Ubisoft’s internal services were compromised in a security breach this week when hackers attempted to steal 900GB of data, including Rainbow Six Siege user data, according to VX-Underground. Ubisoft spotted the breach 48 hours later, and was able to revoke the hackers’ access before they could successfully exfiltrate the data.
In a statement to BleepingComputer, Ubisoft said, “We are aware of an alleged data security incident and are currently investigating. We don’t have more to share at this time.” VX-Underground posted redacted screenshots shared by the attacker that allegedly show they accessed Microsoft Teams conversations, the Ubisoft SharePoint server, Confluence and MongoDB Atlas. “The Threat Actor would not share how they got initial access,” VX-Underground wrote in a post on X. “Upon entry they audited the users access rights and spent time thoroughly reviewing Microsoft Teams, Confluence, and SharePoint.”
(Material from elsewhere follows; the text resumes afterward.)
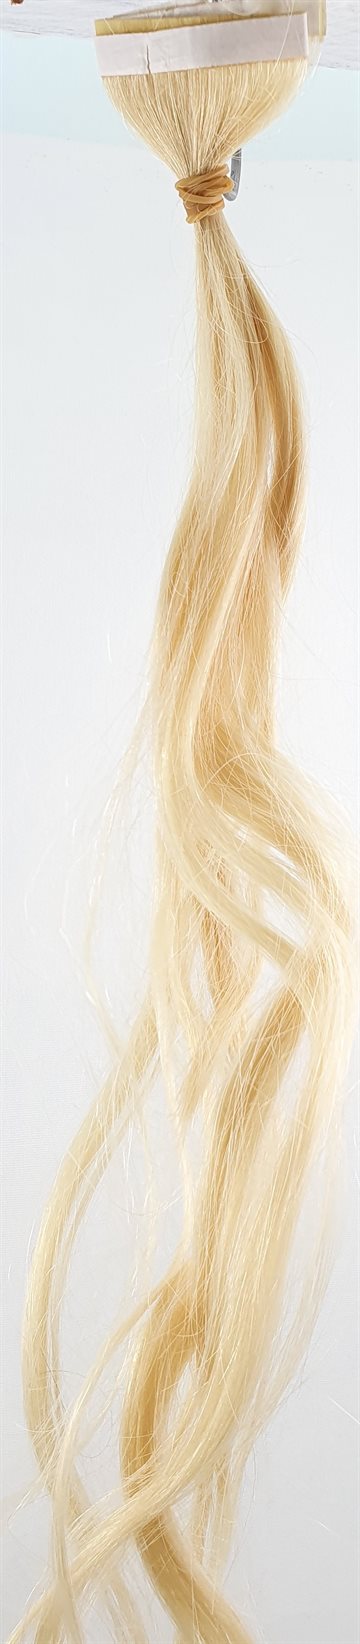 Human Hair - Skin Weft hair, color 613 Blonde 18" (45 cm. length)

December 20th an unknown Threat Actor compromised Ubisoft. The individual had access for roughly 48 hours until administration realized something was off and access was revoked.
They aimed to exfiltrate roughly 900gb of data but lost access.
— vx-underground (@vxunderground) December 22, 2023
According to VX-Underground, the attackers’ attempt to get Rainbow Six Siege user data was unsuccessful. It’s unclear at this time if they were able to get any sensitive information before Ubisoft shut the whole thing down.